## TASK INSTRUCTIONS
Here is the task for the records below: repeat exactly the lines from the one with "HM-12 Squadron 'Christmas' Patch" to the one with "Shilo Pink Subtle", both included, and nothing else.

## AVAILABLE DATA
- Opening Delimiter -

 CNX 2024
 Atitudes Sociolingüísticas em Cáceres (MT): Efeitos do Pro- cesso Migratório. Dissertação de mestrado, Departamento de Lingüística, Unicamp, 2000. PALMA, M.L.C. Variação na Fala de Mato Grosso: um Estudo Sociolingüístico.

- Closing Delimiter -
- Opening Delimiter -

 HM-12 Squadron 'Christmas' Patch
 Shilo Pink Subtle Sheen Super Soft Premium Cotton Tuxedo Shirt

- Closing Delimiter -

## WRITTEN RESPONSE
 HM-12 Squadron 'Christmas' Patch
 Shilo Pink Subtle Sheen Super Soft Premium Cotton Tuxedo Shirt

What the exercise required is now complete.